== Your objective ==
Return each line below exactly as it reads, and omit any image in it.

Source material: Begin

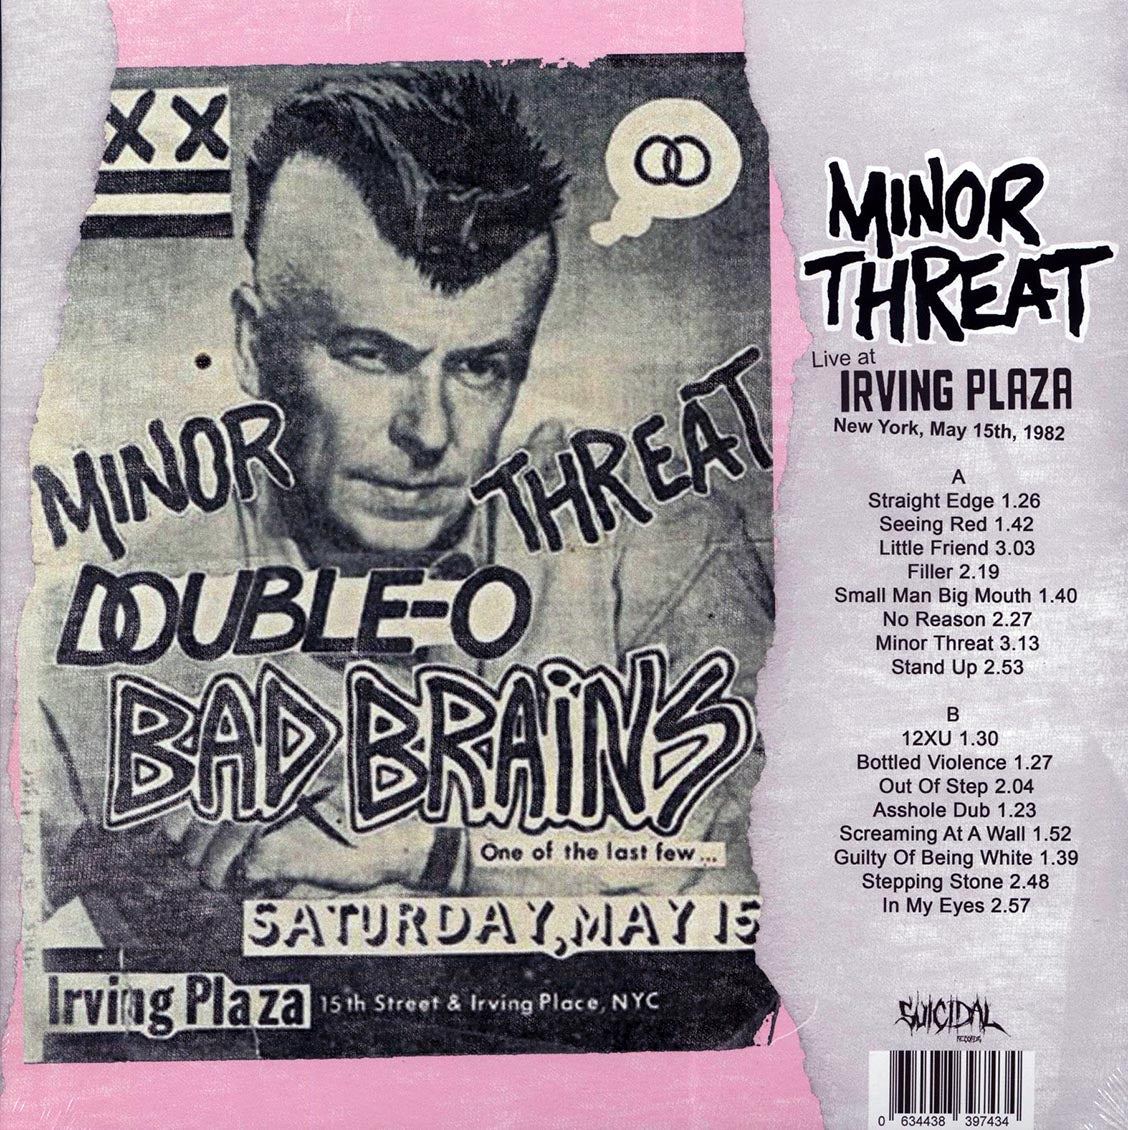 Minor Threat - Live at Irving Plaza, New York, My 15th, 1982 [2022 Unofficial White] [New Vinyl Record LP]
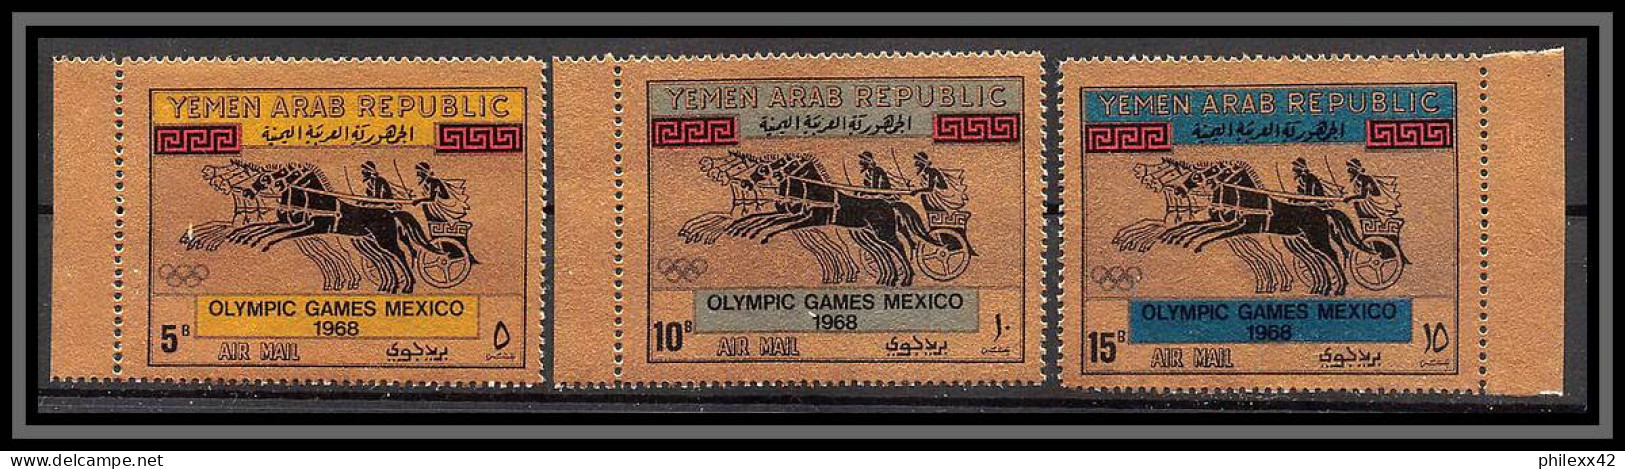 Nord Yemen YAR - 4402/ N°742/744 Jeux Olympiques (olympic Games) Mexico 1968 OR Gold Stamps Neuf ** MNH - Summer 1968: Mexico City
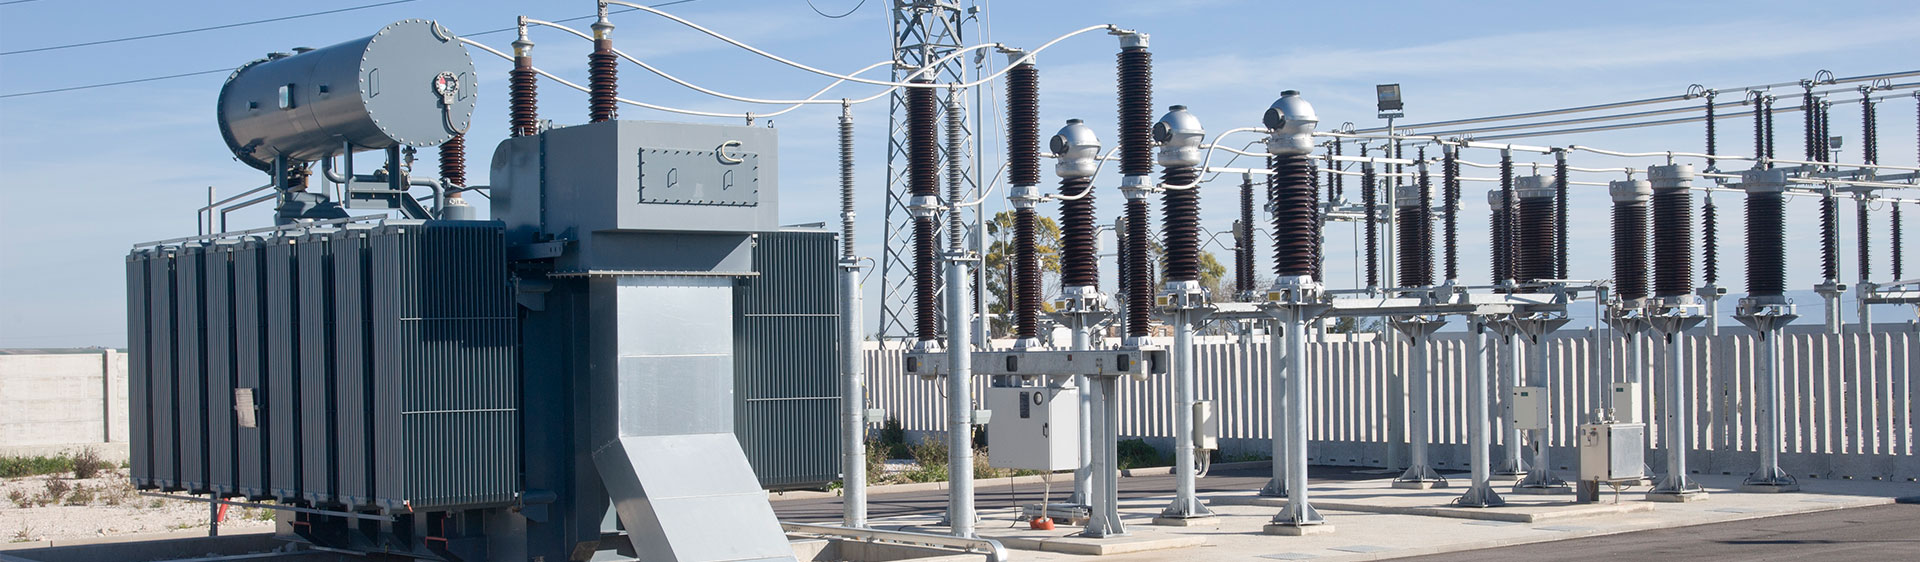 Metairie Electrical Testing Services, Transformer Testing Services and Infrared Scanning Services

Source material: End

== Exercise response ==
 Minor Threat - Live at Irving Plaza, New York, My 15th, 1982 [2022 Unofficial White] [New Vinyl Record LP]
 Nord Yemen YAR - 4402/ N°742/744 Jeux Olympiques (olympic Games) Mexico 1968 OR Gold Stamps Neuf ** MNH - Summer 1968: Mexico City
 Metairie Electrical Testing Services, Transformer Testing Services and Infrared Scanning Services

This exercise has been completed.